El Corán enseña que el hombre es una criatura en
continua tensión, un ser en permanente
conflicto (kâdih),
imagen del universo entero, que no deja de palpitar. Haga lo que haga, ya sea
el bien o el mal, ya tenga inclinaciones espirituales o materiales, todo en él
es resultado de una intención, de un esmero, de un esfuerzo, todo es
resultado de una violencia que engendra reacciones configuradoras... y es
porque el hombre está en acción
(es kâdih) hacia su Señor
(Rabb), hacia su Verdad, hacia lo que lo mueve y rige, hacia su
Origen que es, simultáneamente, su Destino, su Meta verdadera. Aunque no lo
sepa, hacia Él va en cada movimiento, en Él acaba todo y su afán tendrá al
final cumplimiento en la eternidad en la que todo reposa en su postrer
momento, pues se encontrará inevitablemente con su verdadero Señor (será un
mulâqî, un encontrador).

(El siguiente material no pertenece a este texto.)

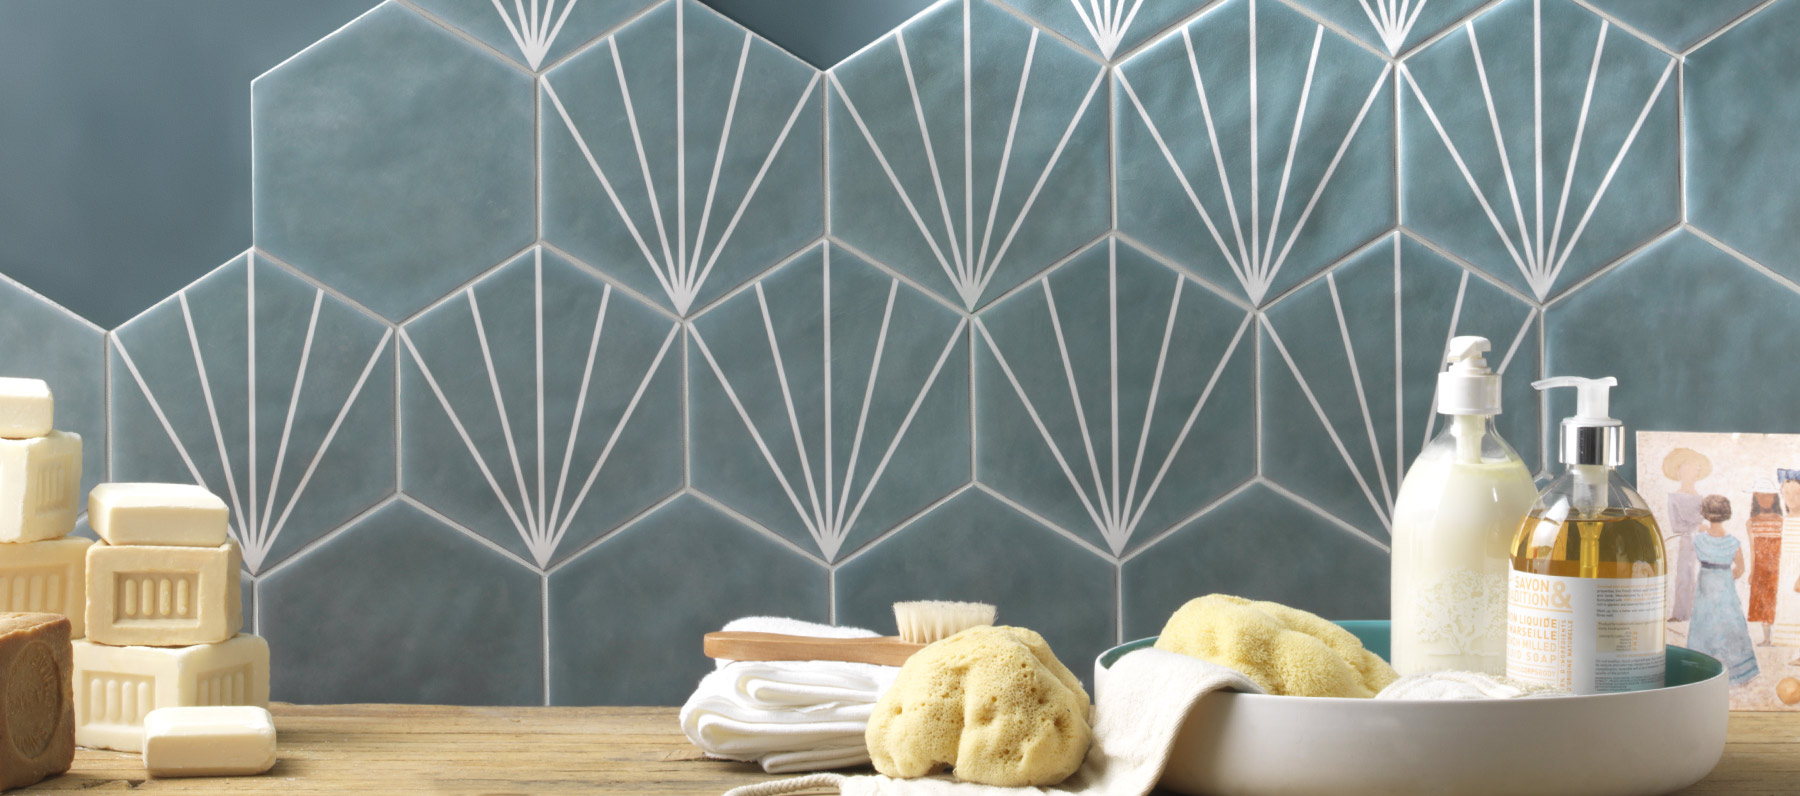 Ceramiche esagonali: la nuova tendenza nei toni pastello
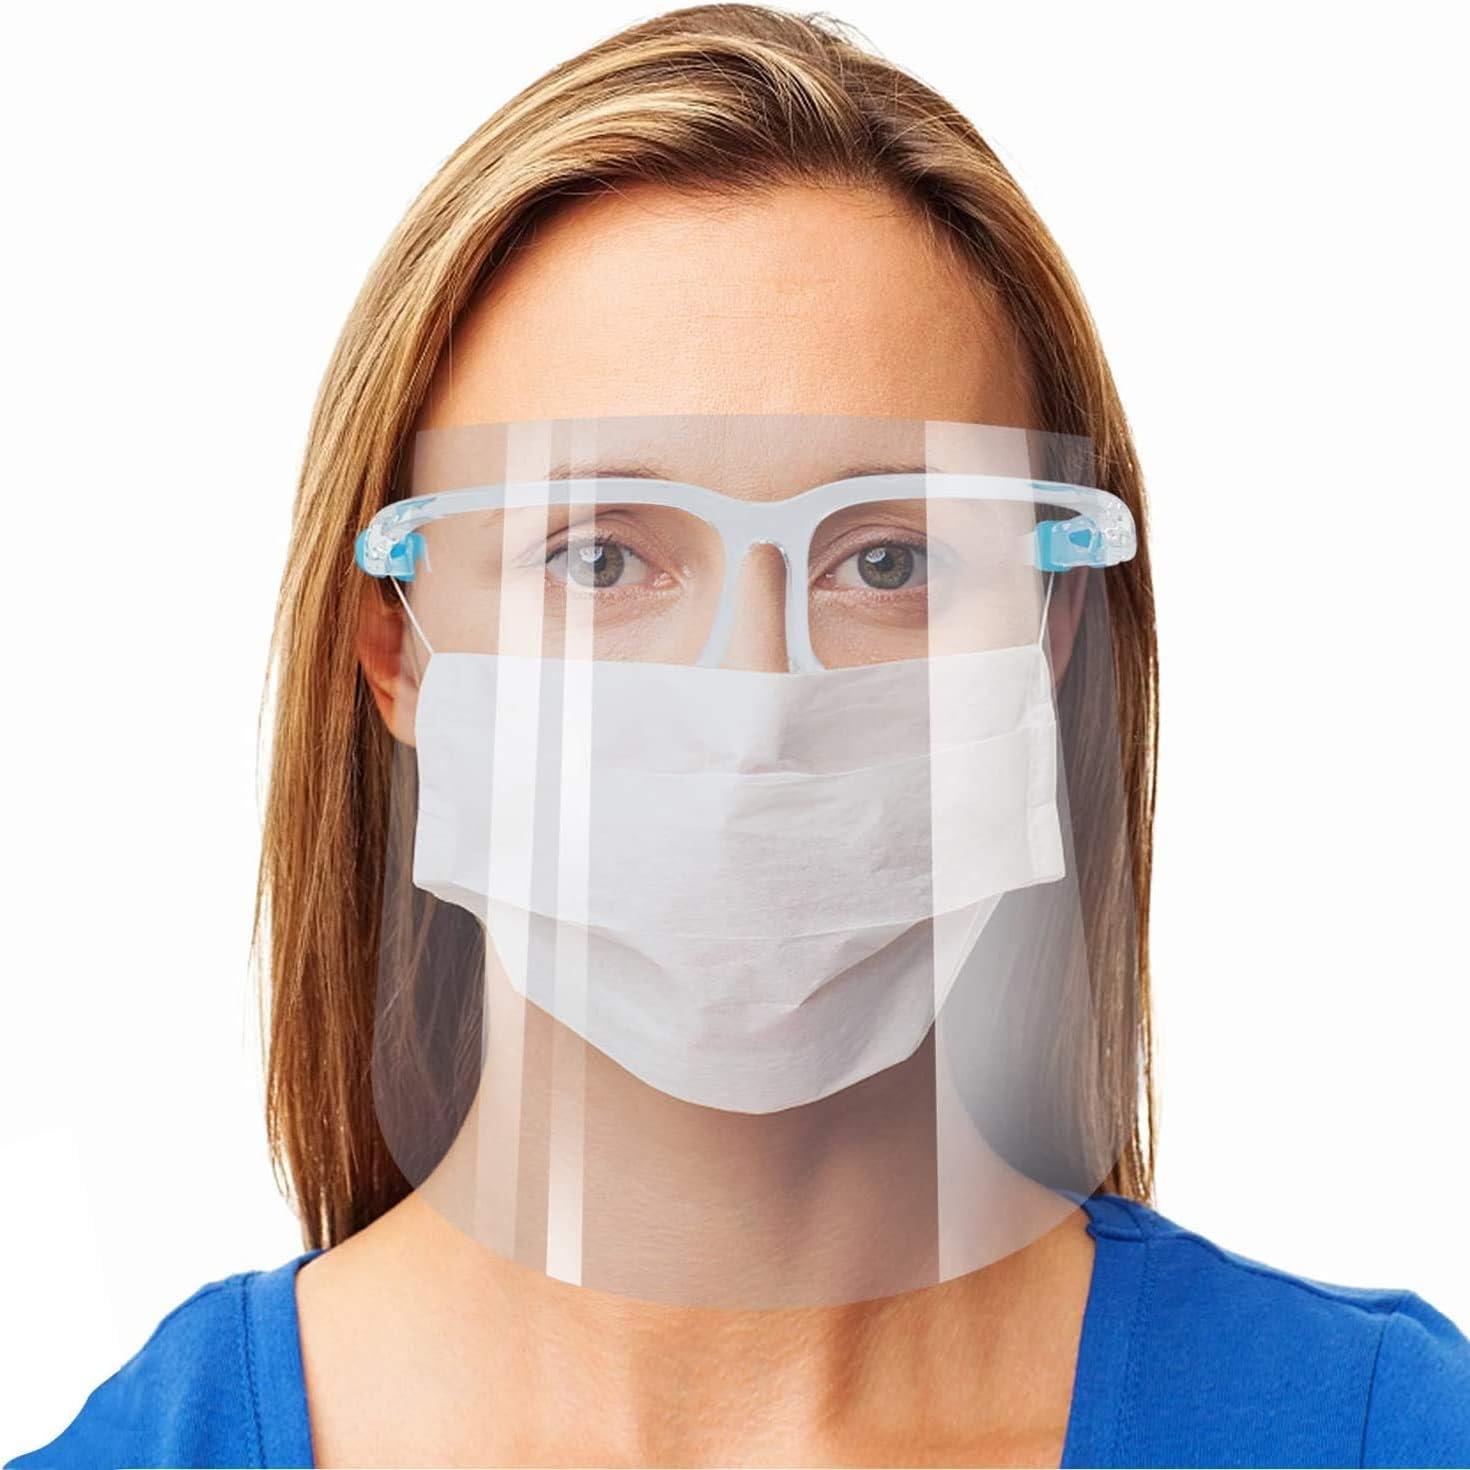 20PC Childen Fog-Accesorio Gratuito para mascarillas faciales Evita Que los anteojos se empa/ñen Soporte de mascarilla Facial Marco de Soporte Interno Tira de Puente Nasal de Silicona antivaho

Y en ese ir
hacia Allah no hay paradas, sino fases que se superan, y es la peregrinación
del ser...
Así se cierra el círculo de la presentación de la sûra: Se nos han
sugerido temas importantes estrechamente imbricados bajo la luz misteriosa de
secretos intuidos en las profundidades del corazón y para los que las
palabras son insuficientes. El Tawhîd,
la Unificación, es la enseñanza,
y exige una poderosa capacidad de síntesis que tiene su correlato en
sentimientos enraizados en nuestra naturaleza más íntima.
Todos y cada uno de nosotros, como humanidad y como individuos, nos
encontraremos con Allah en la muerte, y la muerte (máut) es el
desgarro que separa nuestra primera existencia de nuestra existencia en al-Âjira,
el Universo de Allah, el Mundo de la Eternidad, al que estamos
abocados...
En Allah todo desemboca. Tras la agitación de la vida, tras los
espejismos y las confusiones, tras los esfuerzos, las ilusiones y las
desesperaciones, tras todo ello al fin se acaba en Allah, en la Inmensidad
Origen y Destino donde nos aguarda la Verdad. La muerte no es otra cosa que un
desnudamiento con el que entramos en el espacio inefable de lo Real, habiendo
quedado atrás el mundo con todos sus fantasmas.
Lo dicho acerca del carácter inevitable del encuentro
con Allah (el liqâ) tiene una
carga de amenaza (wa‘îd) cuando se piensa en los kuffâr
(los negadores de Allah) y es una promesa
de bien (wa‘d) para los musulmanes. El kâfir
se encontrará con algo no deseado, con Allah, cuando esperaba encontrarse con
sus dioses o con la nada: para esos sueños había trabajado, y ahora resulta
que sus esfuerzos han sido vanas quimeras. El musulmán se encontrará con lo
que buscaba. La insatisfacción del kâfir
será su Fuego eterno, mientras que la satisfacción del musulmán será el
Jardín en el que morará eternamente.